Kobayashi H, Ida W, Terao T, Kawashima Y
Department of Obstetrics and Gynecology, Hamamatsu University School of Medicine.
Nihon Sanka Fujinka Gakkai Zasshi. 1992 Mar;44(3):303-9.
We have established an in vitro system in which epithelial cells (EC) and stromal cells (SC) from the human endometrium are placed in culture to examine the production of CA125. There was a much greater amount of CA125 in heterotopic EC after culture cells reached confluence than during the logarithmic growth phase. Heterotopic EC in culture secreted nine times as much CA125 constitutively after reaching confluence as eutopic EC. Flow cytometry (FCM) analysis indicated that the changes in CA125 expression correlated with the cell cycle. The CA125 expression was mainly observed in the G0/G1-phase in the cell cycle. There was no amplification of the CA125 expression in heterotopic EC membranes. The results of SDS-PAGE and Western blot indicated that the 110 KDa molecule of CA125 might be specific for adenomyosis. The biochemical and physical nature of CA125 was examined to characterize the antigenic determinant of this antigen. These results strongly suggested that the CA125 antigenic determinant from EC was composed of conformationally dependent peptides. We conclude that significantly increased secretion of CA125 from heterotopic EC could be attributed to the increase in serum CA125 in patients with adenomyosis.

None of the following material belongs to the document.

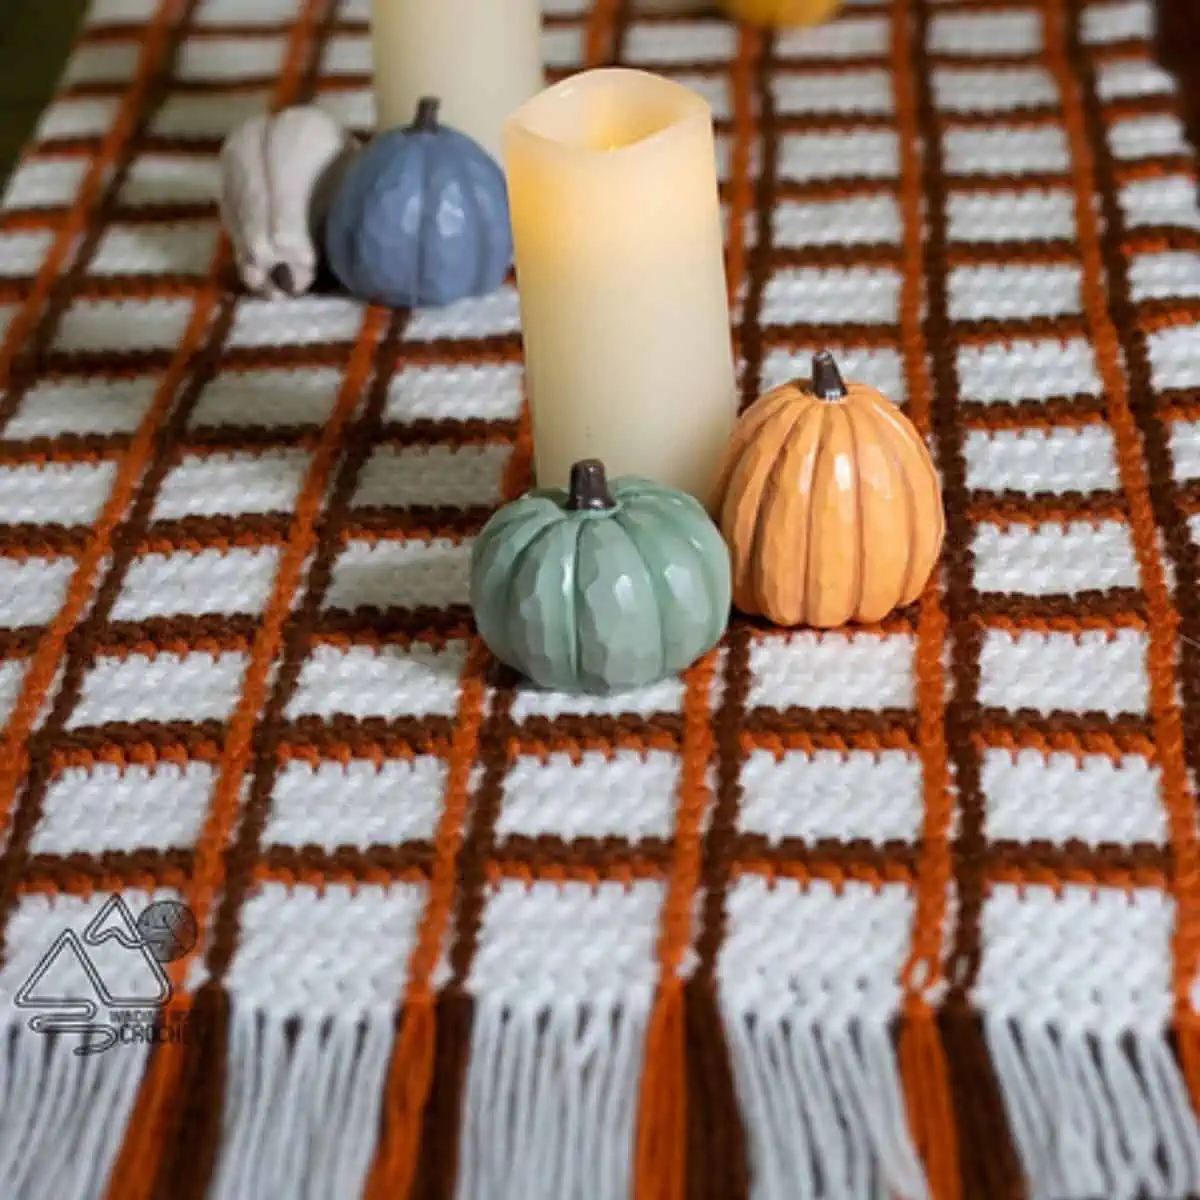 tartan pattern crochet table cloth with candles and pumpkins styled on it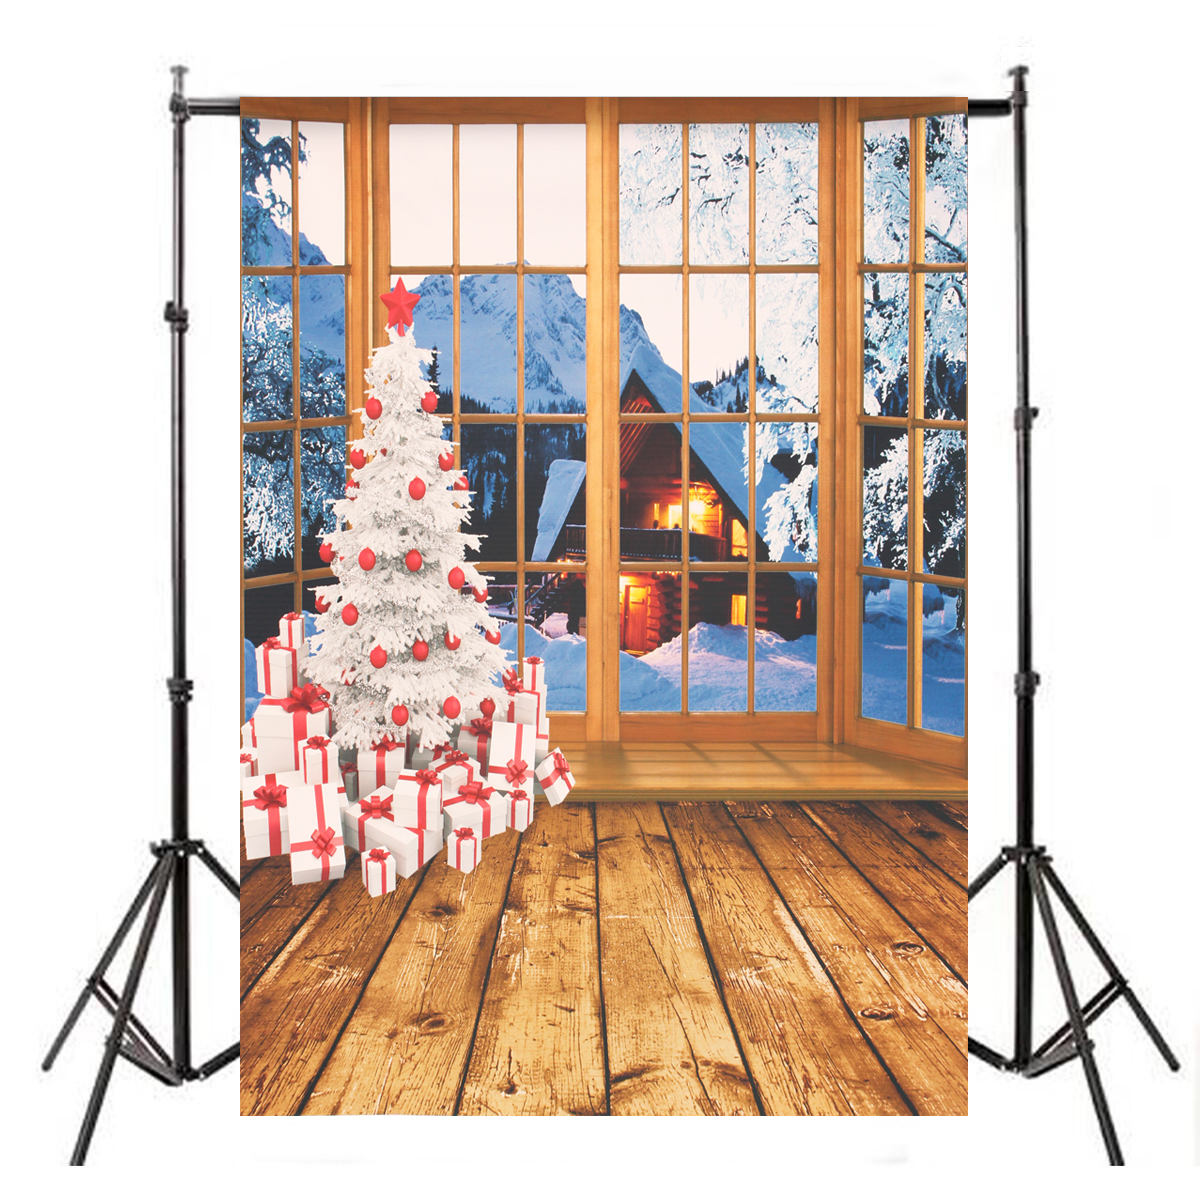 Mohoo-5x7ft-15x21m-Christmas-Backdrop-Photo-Window-Backdrop-with-Wooden-Floor-Christmas-Tree-Snow-Co-1958159-6

我们建立了一个体外系统,将人子宫内膜的上皮细胞(EC)和基质细胞(SC)置于培养中,以检测CA125的产生。培养细胞达到汇合后,异位EC中CA125的量比对数生长期时多得多。培养中的异位EC汇合后组成性分泌的CA125是在位EC的九倍。流式细胞术(FCM)分析表明,CA125表达的变化与细胞周期相关。CA125表达主要在细胞周期的G0/G1期观察到。异位EC膜中CA125表达没有扩增。SDS-PAGE和Western印迹结果表明,CA125的110 KDa分子可能是子宫腺肌病特有的。对CA125的生化和物理性质进行了检测,以表征该抗原的抗原决定簇。这些结果强烈表明,来自EC的CA125抗原决定簇由构象依赖性肽组成。我们得出结论,异位EC中CA125分泌的显著增加可能归因于子宫腺肌病患者血清CA125的升高。